There’s an expression in Chinese, 废话连篇 (fèi huà lián piān), which means spewing pages of useless text. It can be pretty mean if you’re talking about a person, but let me assure you I’m talking about AI! A staff engineer at a cloud-native database company was describing the AI-powered RCA solution they were using, saying "it just goes off with a wall of text. Nobody has time to go through that during an incident. You always have to keep pushing it back on track. Most of us just let it do its thing in its own thread and ignore it. Sometimes, we check if what we did matched the agent afterwards."
A lot of reliability teams share experiences like this with me, and they usually ignore the reams of hallucinated RCAs filling up their on-call Slack channels. The worst (and also maybe the funniest?) was when one team told me they started manually copying logs into ChatGPT because it gave them better answers than the AI SRE product they were paying for.
It doesn't take much for a busy engineer to give up on a tool. Who can blame them if it’s hallucinating in the middle of an incident? The bottom line is that when it comes to incident management, most teams underestimate how hard it is for AI to deliver consistent, accurate RCAs. What gets missed most is the amount of janitorial data engineering it takes to make it work well.
Let me take you through it.
Why AI accuracy is hard
Everything comes down to context management. If you ask ChatGPT or Claude a question, you should expect a generic answer. By default, it’s not going to be specific to your workload, your environment, your architecture, or your team's priorities. The model has no persistent understanding of your service dependencies, your deployment history, or your team's roadmap.
Without deep, structured context about the specific environment, AI produces generic output. Now, generic answers can be more than good enough for lots of use cases. For example, if you're troubleshooting a known error with a well-documented fix, a generic answer will probably get you there. But in a real incident, the root cause is buried beneath layers of symptoms and you don't know where to start. But for incident investigation in your specific environment, it will not. For this, you need an answer specific to your system, not a generic answer that could apply to any system.
Why AI Root Cause Analysis (RCA) is even harder
Most AI use cases come down to one-shot retrieval. There is a question, there is a known answer somewhere, and the model finds it and returns it. One round trip. Enterprise search, for example, works this way. The answer exists, and the agent retrieves it.
But RCA isn’t about retrieval. It’s about exploration.
When an alert fires, even experienced engineers don’t know the root cause. They start with incomplete information and work through a sequence of exploratory actions: form a hypothesis, formulate a query to validate it, interpret the result, decide where to look next.
You might wonder what's stopping teams from just providing relevant context to a generic model. All they have to do is connect Claude Code to a suite of MCP servers and give it access to Datadog, GCP logs, and their infrastructure. Then it could issue queries with some context.
While this sounds great in theory, that's a lot of data for an agent to make sense of. It needs to know how to navigate all that information and accurately parse what it means, where it's coming from, how it's behaved historically.
Except without that understanding, you may as well be in a casino.

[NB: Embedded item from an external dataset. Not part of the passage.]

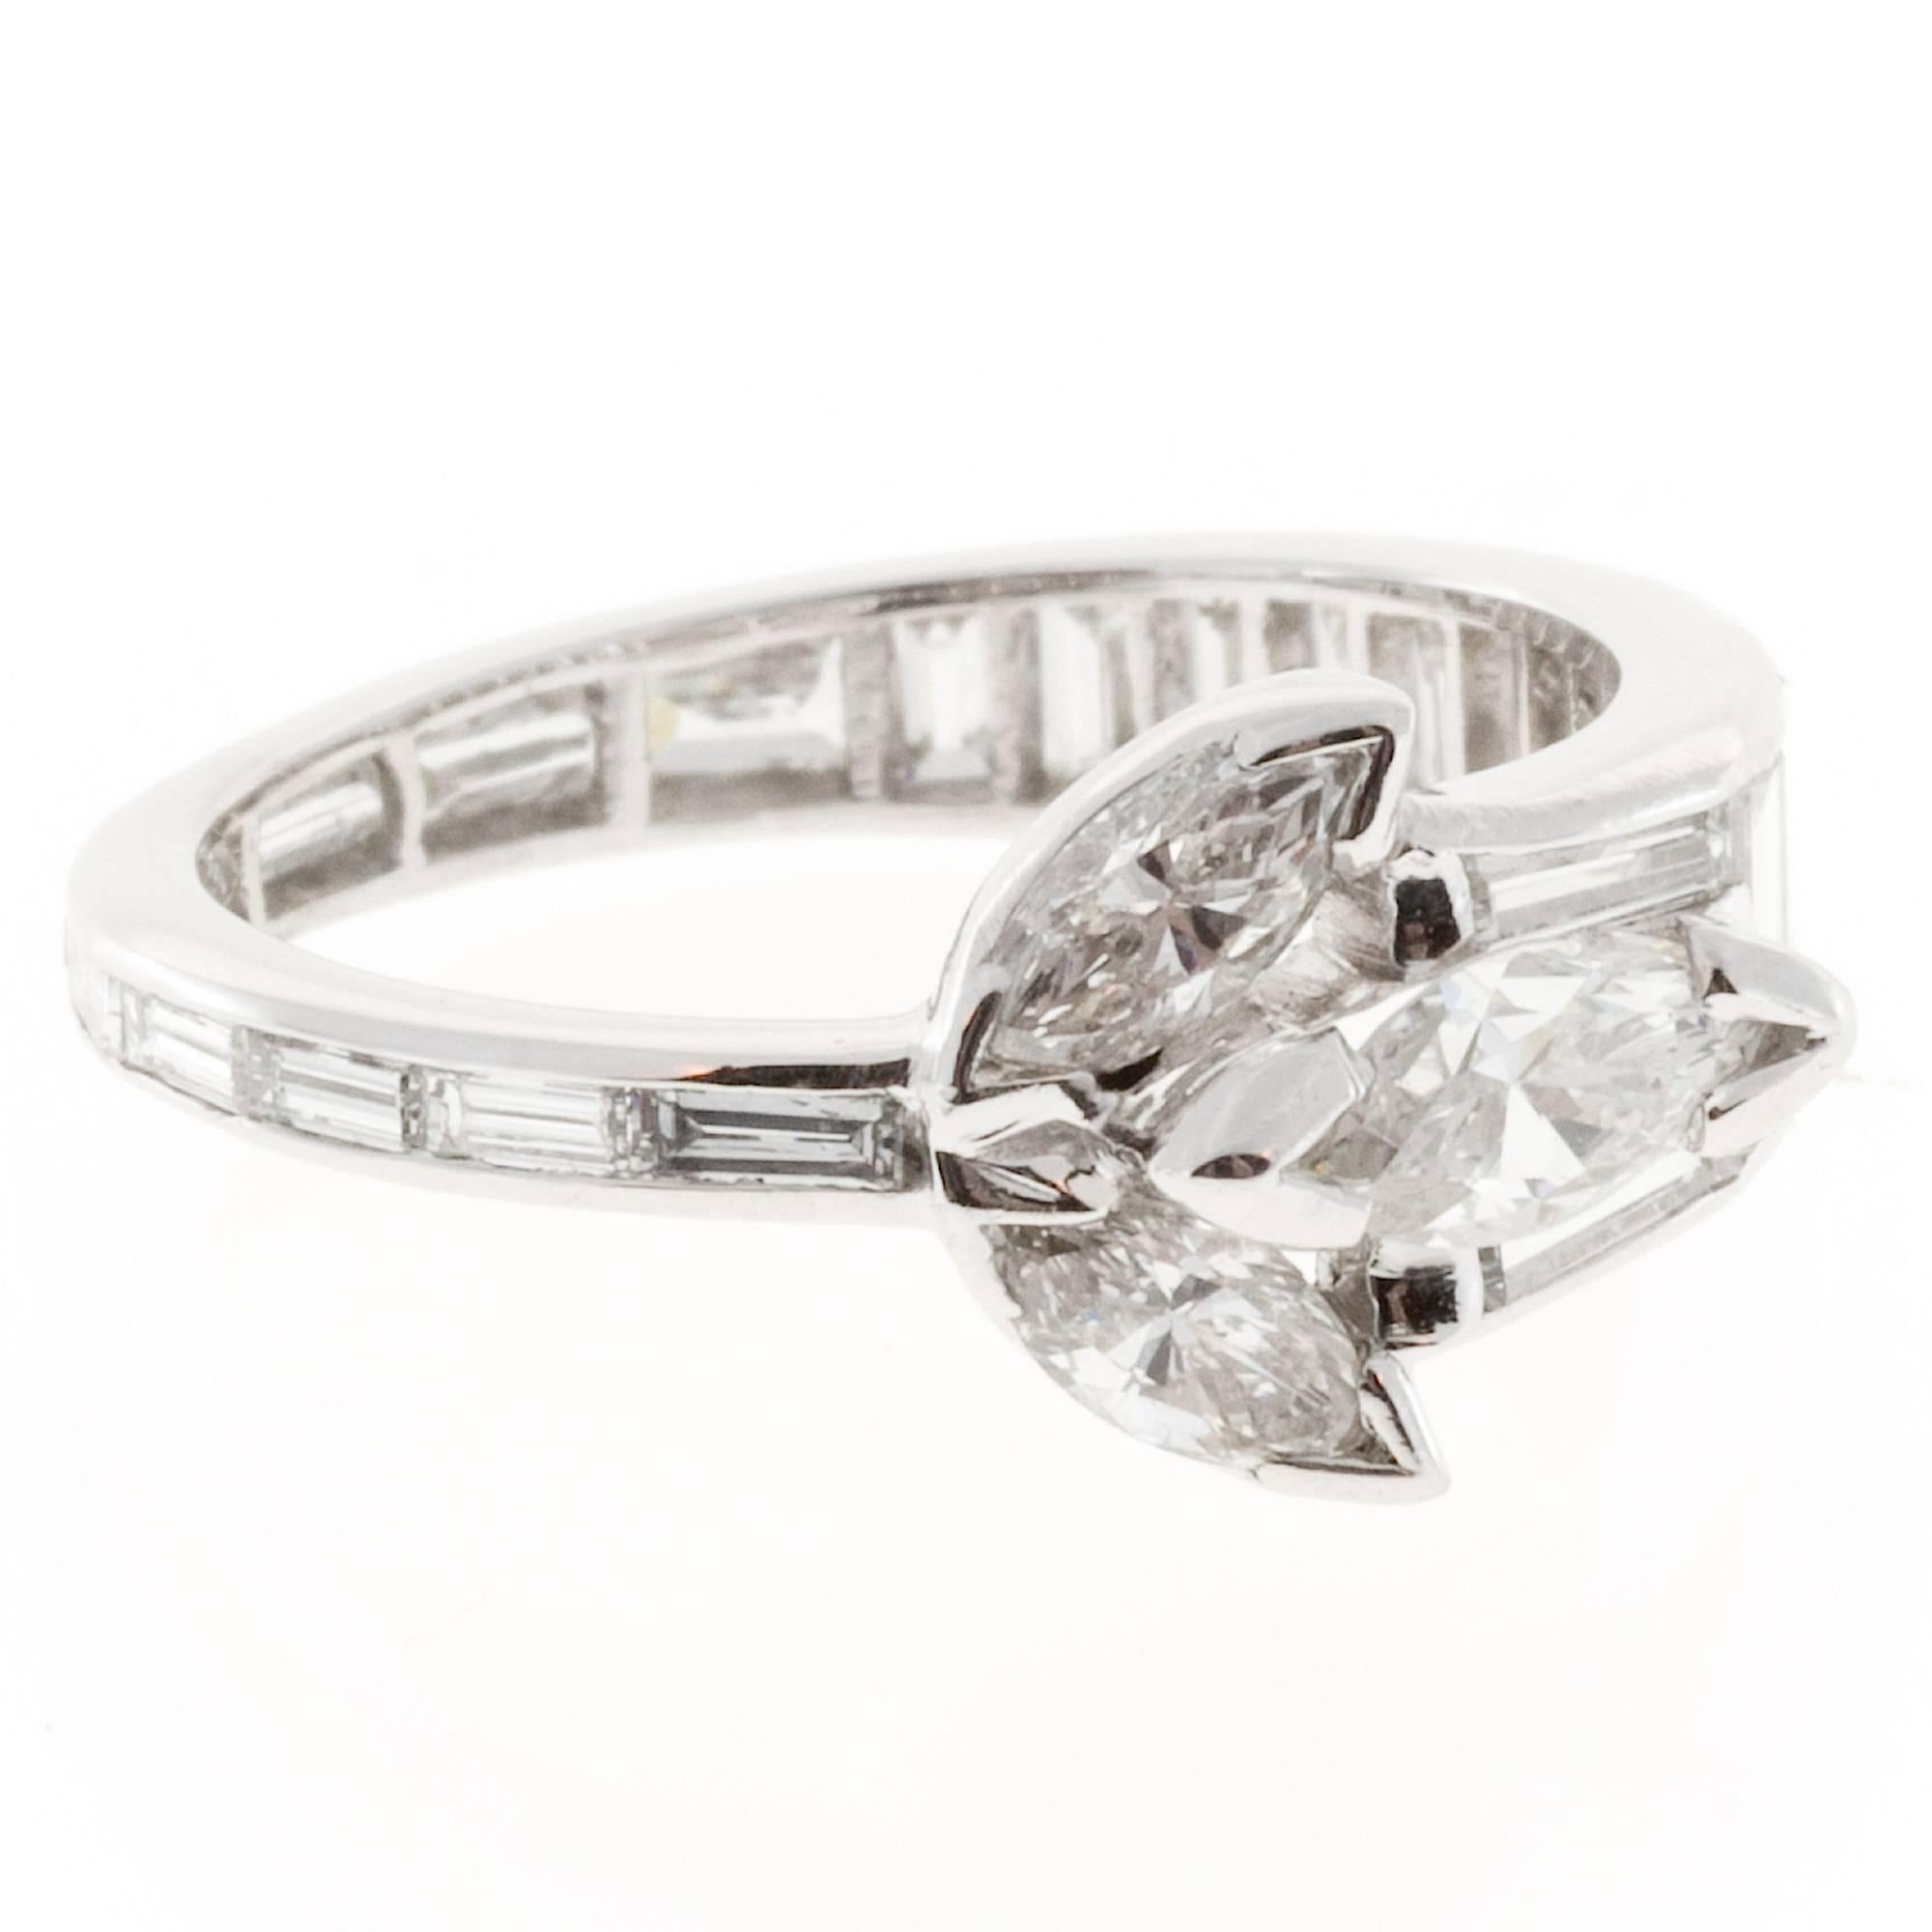 1.35 Carat Marquise Baguette Diamond Platinum Ring

Without an understanding of available log data, metric schemas, and service dependencies, the model doesn’t know what to query or how to query it. It constructs queries against fields and labels that don’t actually exist in your environment. Those queries either return nothing or return an impossibly large volume of data the model cannot process. The investigation is broken before any answer is produced.
Each failed query costs tokens, adds latency, and wastes money. The model will try a bunch of things. The vast majority of those attempts will not work. But if you get to that point, you've likely already burned through your token budget and your engineer's patience.
What's required for accurate AI-powered RCA
Three things, and each is harder than it looks.
Knowledge curation. Customer data is scattered across different systems like Slack, Jira, Datadog, GitHub, Buildkite, and PagerDuty. Each stores different types of data in different formats. Before an incident ever fires, you need a data engineering pipeline that understands what is in each system, how the data relates across systems, and how to represent it in a way an LLM can reason over during an investigation. This is the pre-work. It’s a data processing and data engineering problem. None of it is glamorous. But without it, the model has no foundation to reason from.
Schema discovery. If you hire the best engineer in the world and ask them to debug a Sev1 outage on day one, they would have no idea what to do. Not because they lack skill, but because they do not yet understand the environment. They need to know what services exist, how they depend on each other, what monitoring is in place, and what the data looks like. Schema discovery is how the agent builds that understanding.
For every monitoring and telemetry tool the agent queries, it needs to know what log streams are available, what metrics exist, and what query structures are valid. And this has to happen proactively. We achieve this by scanning the entire system before any incident needs to be investigated. The agent orients itself within the environment so that when an incident fires, it already knows where to look and what kinds of queries will return meaningful results.
The real bar
Just like a human SRE solving an unbounded, unstructured problem, an AI agent needs context, needs to create limits, stack rank likely causes, explore smartly, test hypotheses, and run processes of elimination. That’s the baseline for accurate RCA. Only when an AI SRE is properly supported by that foundation, will it stop producing pages of useless text.